Goat anti Bovine IL2 polyclonal antibody [Biotin]

Goat Anti-Bovine IL2 polyclonal antibody for ELISA(Det), WB. Bovine Interleukin-2 (IL-2) is a 15 kDa, alpha-helical, single chain, potentially glycosylated polypeptide that has potent stimulatory activity for antigen-activated T cells. The molecule is synthesized as a 155 amino acid (aa) precursor that contains a 20 aa signal peptide plus a 135 aa mature segment that is possibly O-glycosylated. The mature region has multiple alpha-helices and one intrachain disulfide bond. Mature bovine IL-2 is 64%, 60%, 49%, 50%, 72%, 63% and 67% to mature human, canine, mouse, rat, porcine, equine, and feline IL-2, respectively. Mammalian cells known to express IL-2 include CD4+ and CD8+ T cells, visceral smooth muscle cells, eosinophils, gamma d T cells, B cells and dendritic cells.

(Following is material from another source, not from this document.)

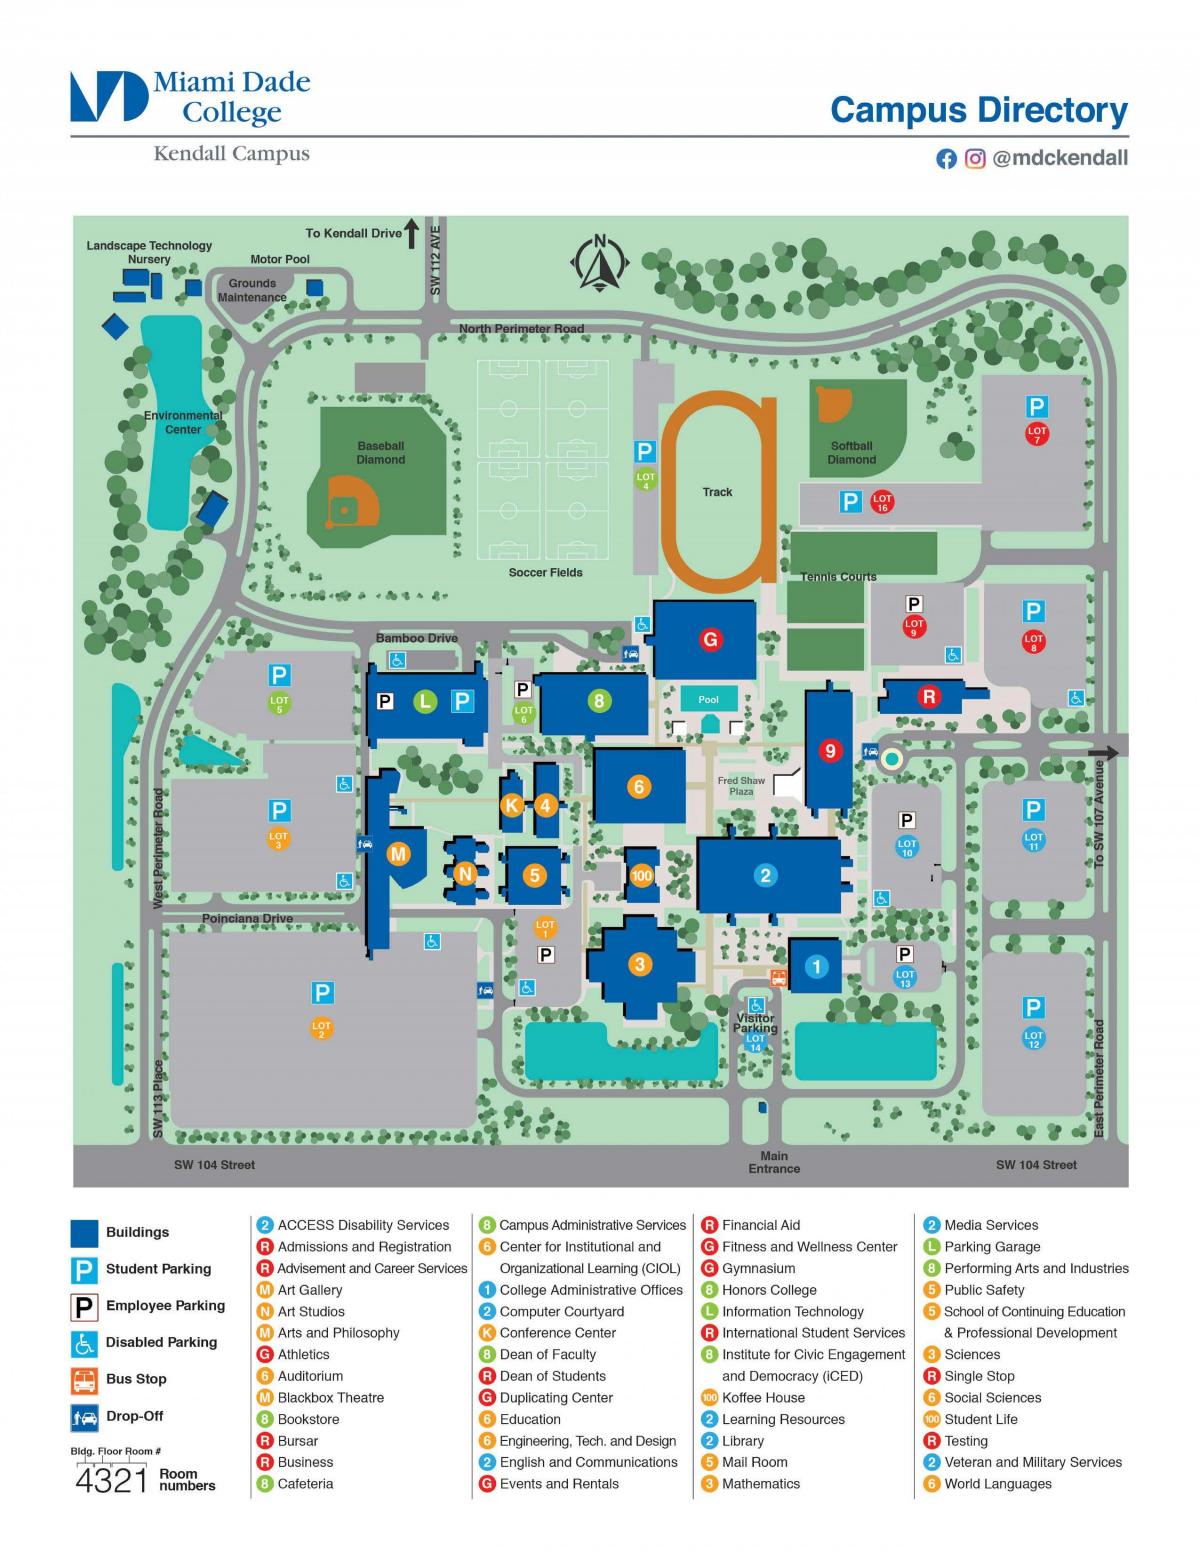 Майами Дейд колледж Кендалл карте кампуса
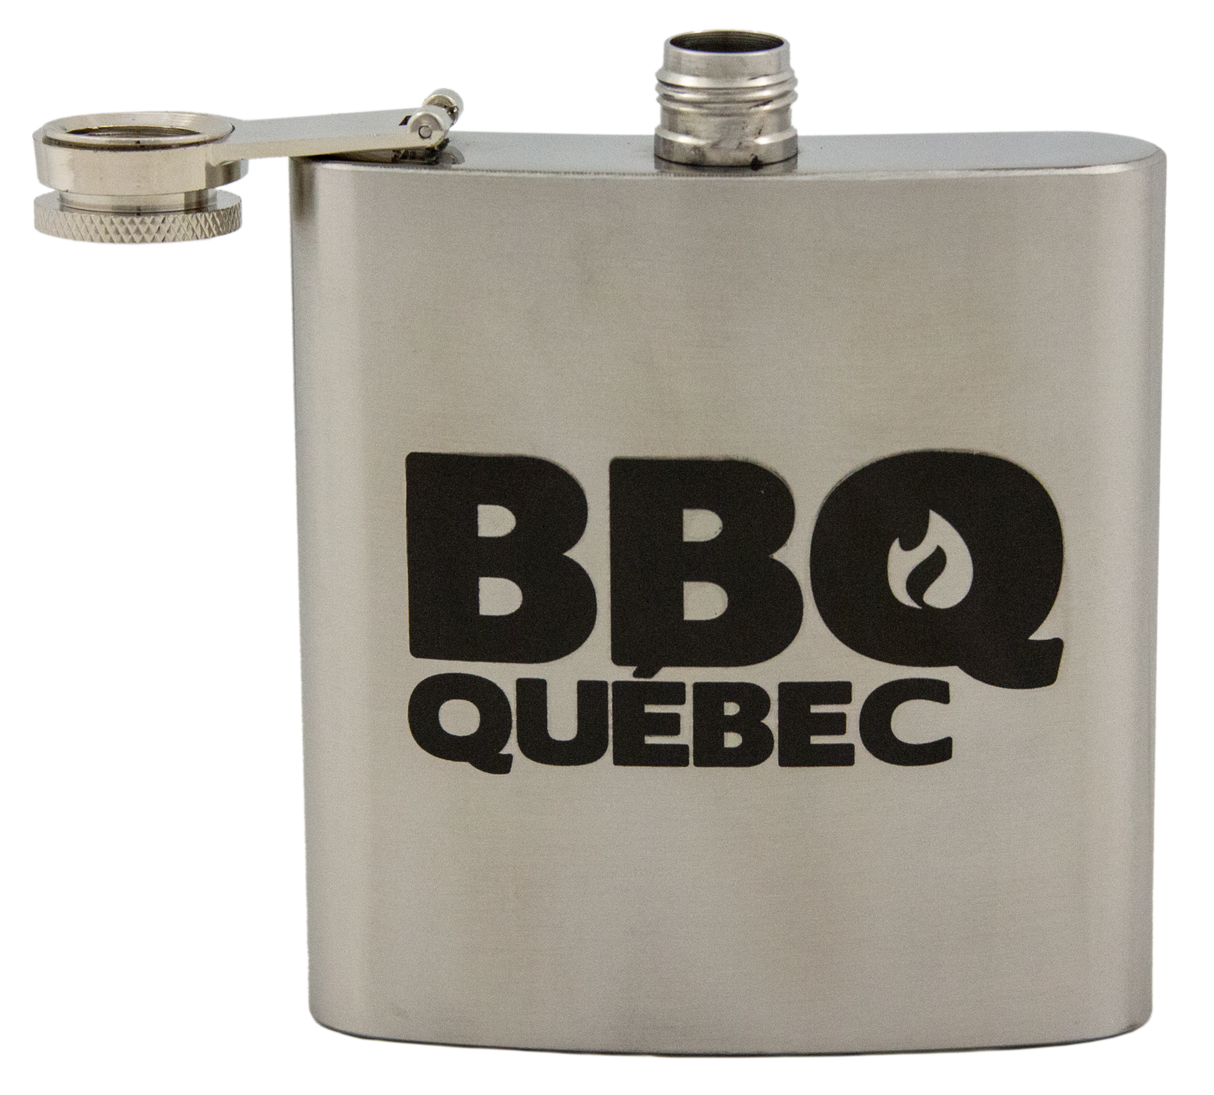 Flasque BBQ Québec par BBQ Québec vendu par BBQQUEBEC.com

The receptor for IL-2 is complex and consists of three distinct subunits in varying combinations. Two of these are ligand-binding and are termed IL-2 R alpha and IL-2 R beta. IL-2 R alpha is 55 kDa and binds IL-2 with low affinity. IL-2 R beta bis 75 kDa and binds IL-2 with intermediate affinity. Signal transduction is performed by both IL-2 R beta b and a 64 kDa common gamma chain (gamma c). This signal transducing common gamma chain does not bind IL-2, but does heterodimerize with IL-2 R beta b to form a functional IL-2 receptor. The complex heterotrimeric alpha-beta-gamma c receptor may arise from IL-2 binding to preformed R alpha-R beta b complexes. Functionally, IL-2 is best known for its autocrine and paracrine activity on T cells. It drives resting T cells into active G1, inducing IL-2 and IL-2 R alpha synthesis and cell proliferation. It also promotes Fas-induced death of naïve CD4+ T cells, while having minimal effect on activated CD4+ memory lymphocytes. Finally, IL-2 seems to play a central role in the expansion and maintenance of CD4+ CD25+ regulatory T cells. Thus, IL-2 may be a key cytokine in the natural suppression of autoimmunity.